■ **WHAT YOU WILL DO**
Would you print out all of the data exactly and keep the pictures out of it?

■ **SUPPLIED INFORMATION**

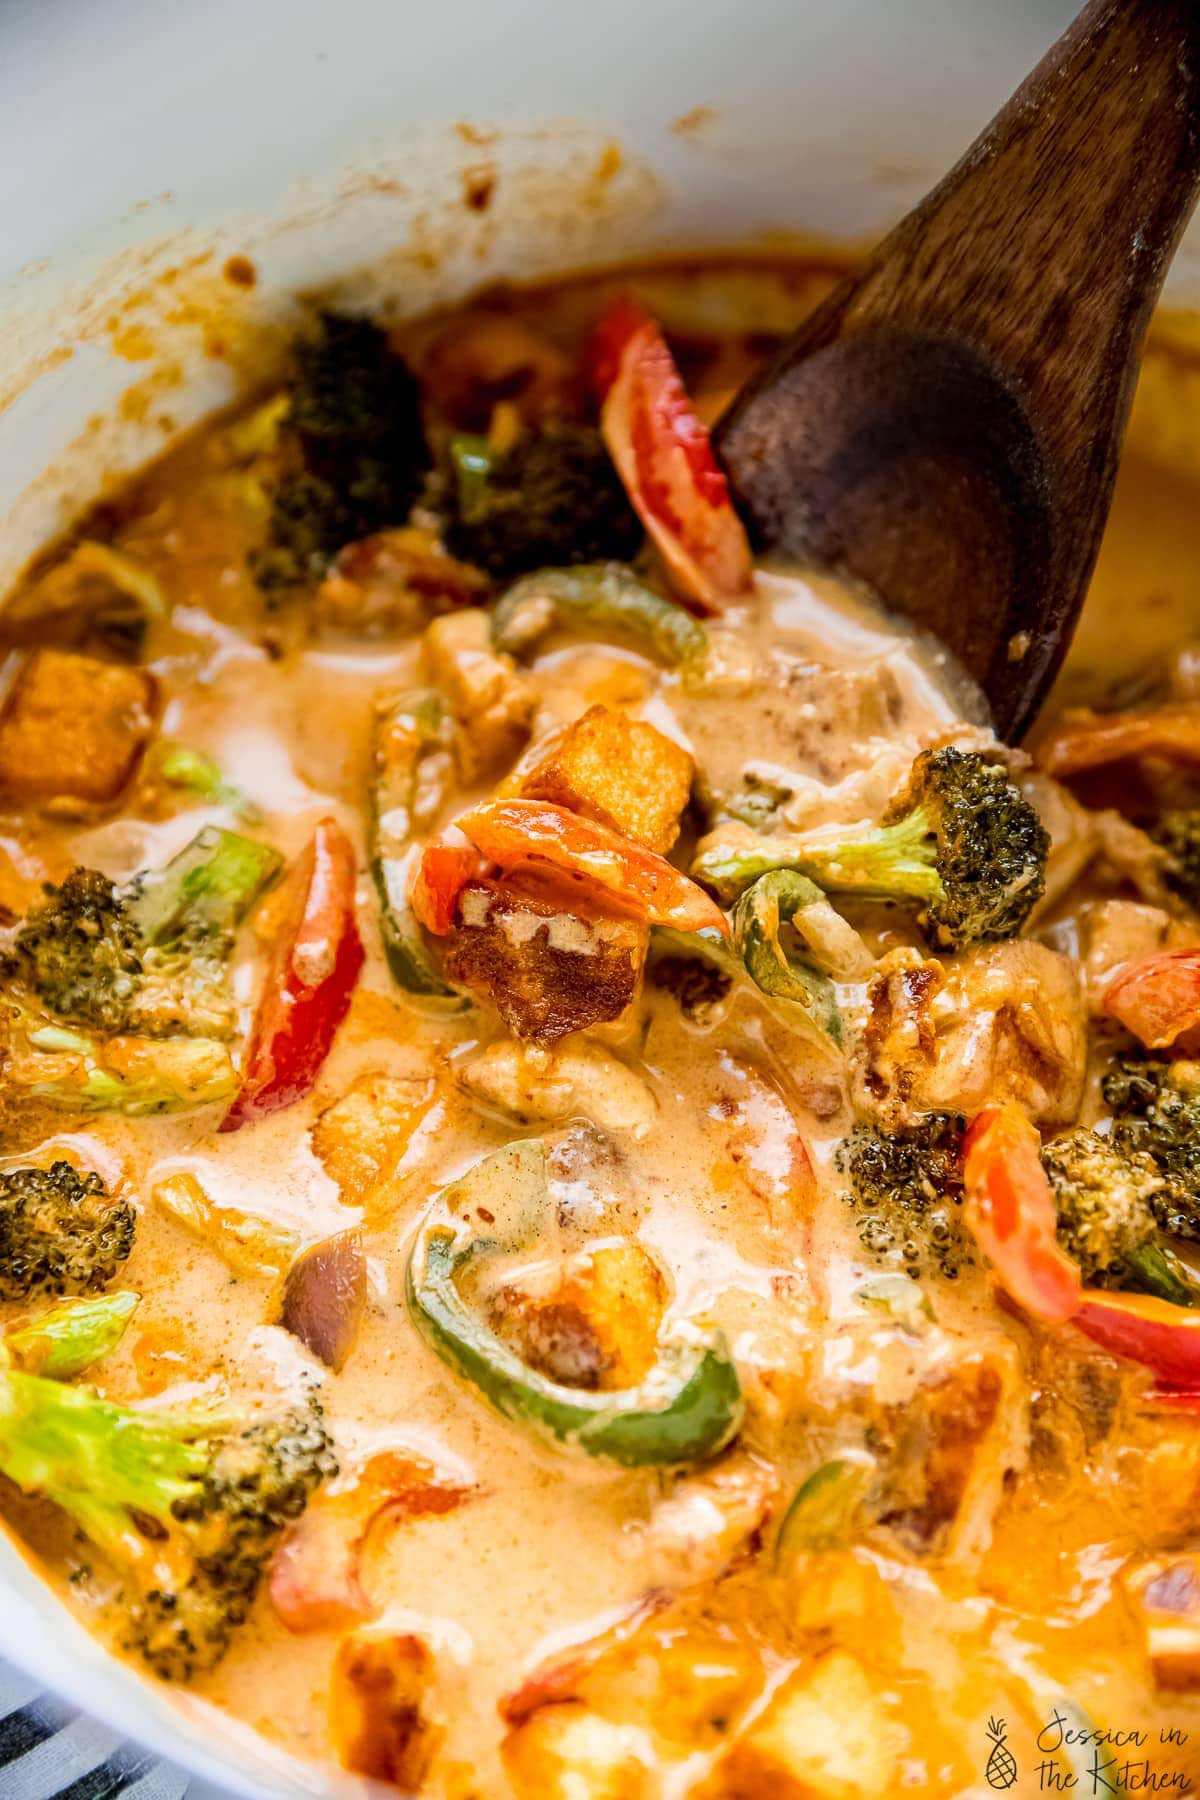 Wooden spoon stirring Thai red curry
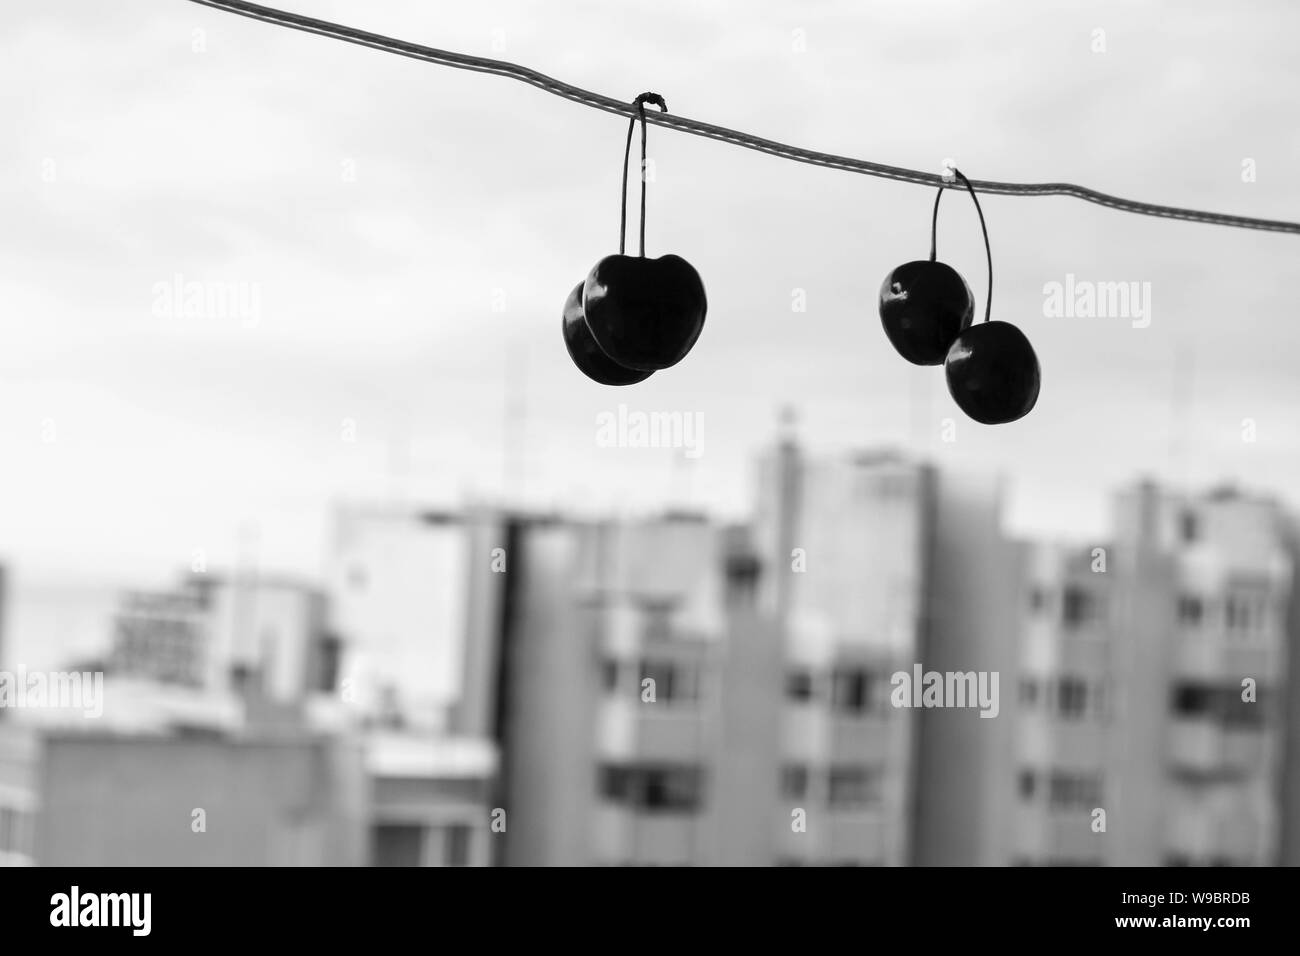 Ripe fresh cherries fruit hanging at clothes line under the sky whit town building in background/ still life Stock Photo
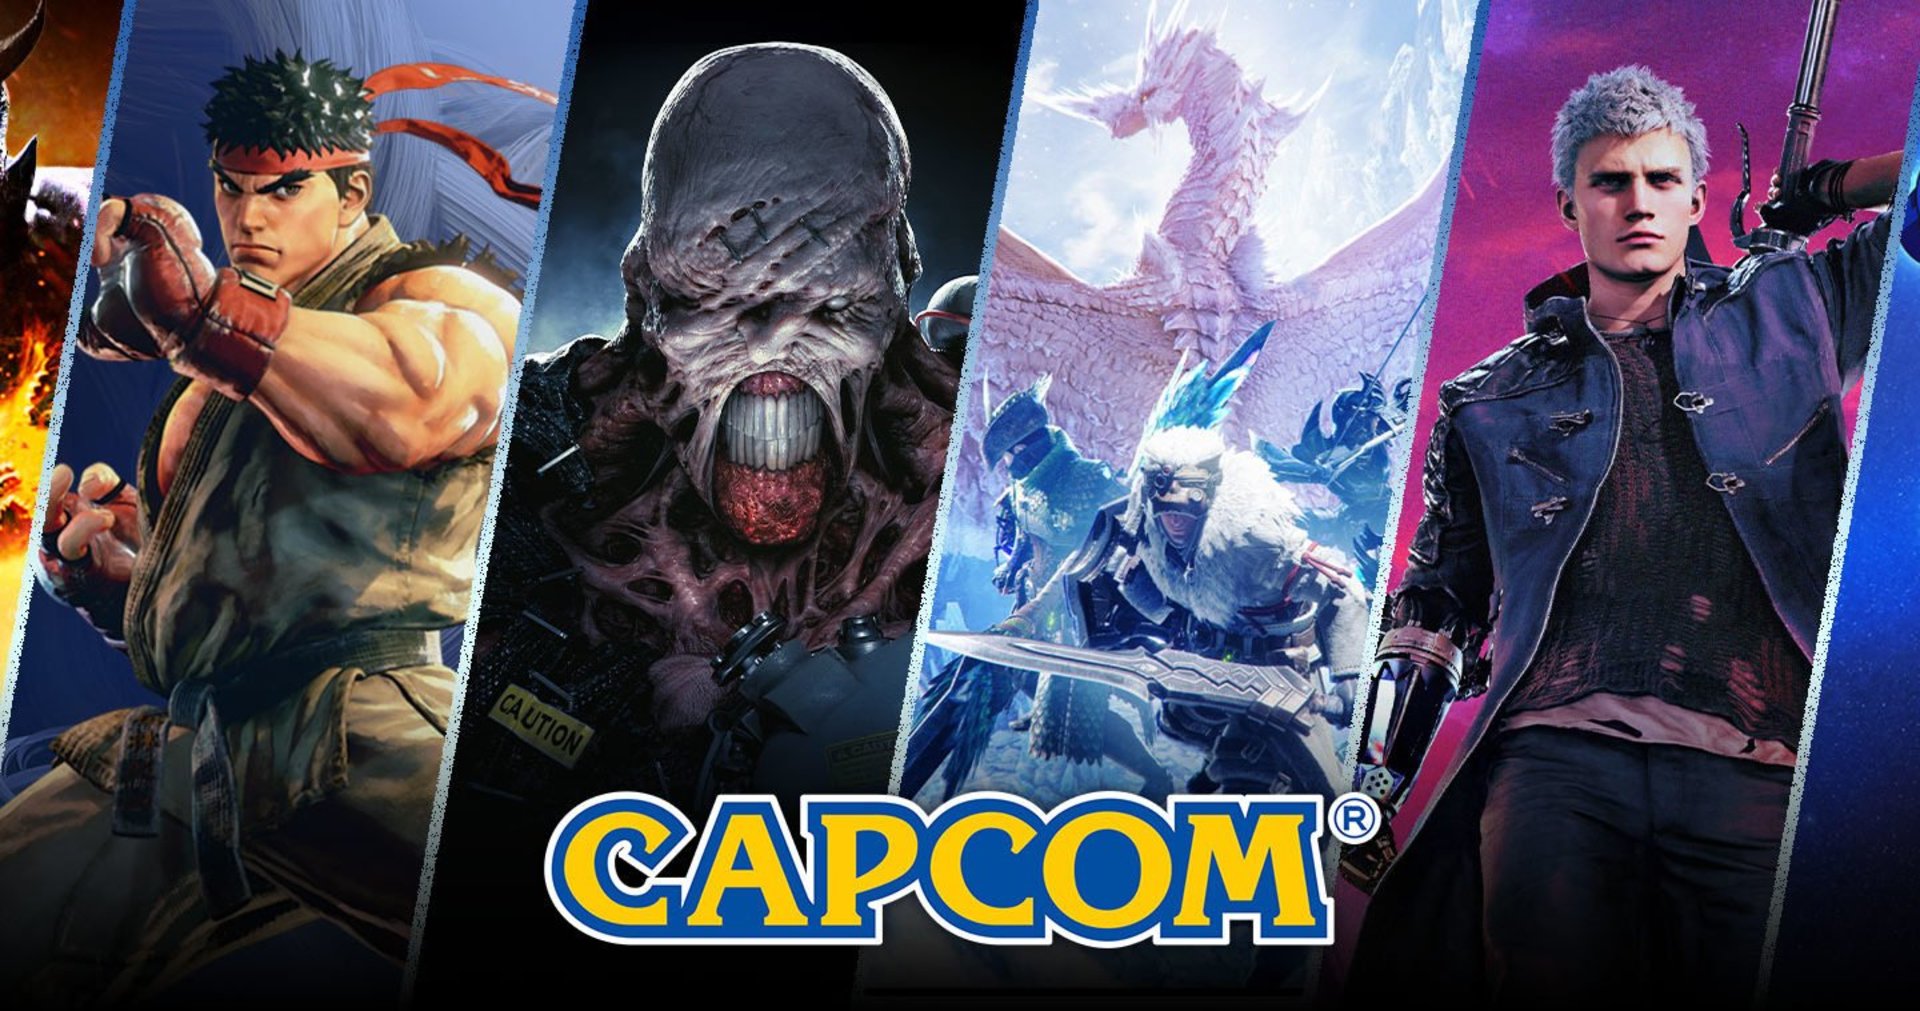 Capcom games in Steam increased in price several times in Kazakhstan and Turkey
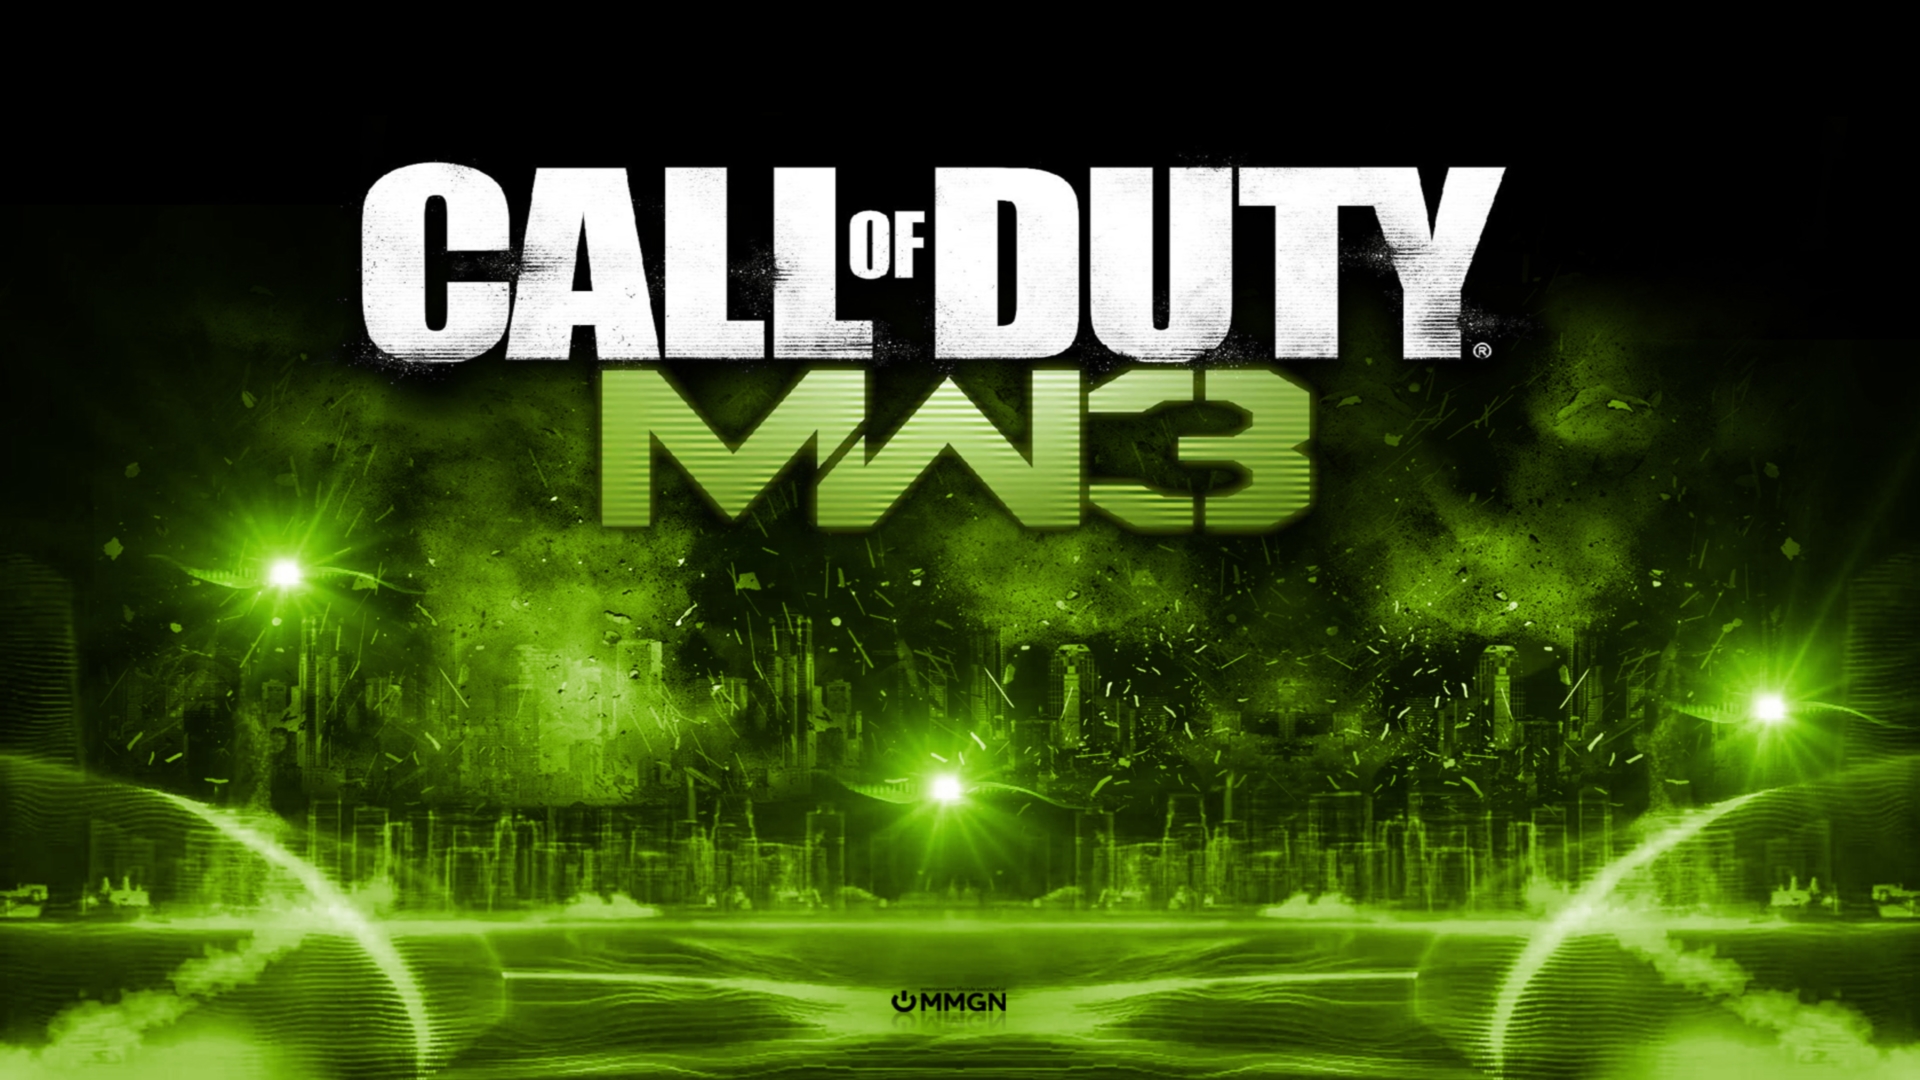 Here are a few Call Of Duty Modern Warfare 3 HD wallpapers

■ **TASK RESPONSE**
 Wooden spoon stirring Thai red curry
 Ripe fresh cherries fruit hanging at clothes line under the sky whit town building in background/ still life Stock Photo
 Capcom games in Steam increased in price several times in Kazakhstan and Turkey
 Here are a few Call Of Duty Modern Warfare 3 HD wallpapers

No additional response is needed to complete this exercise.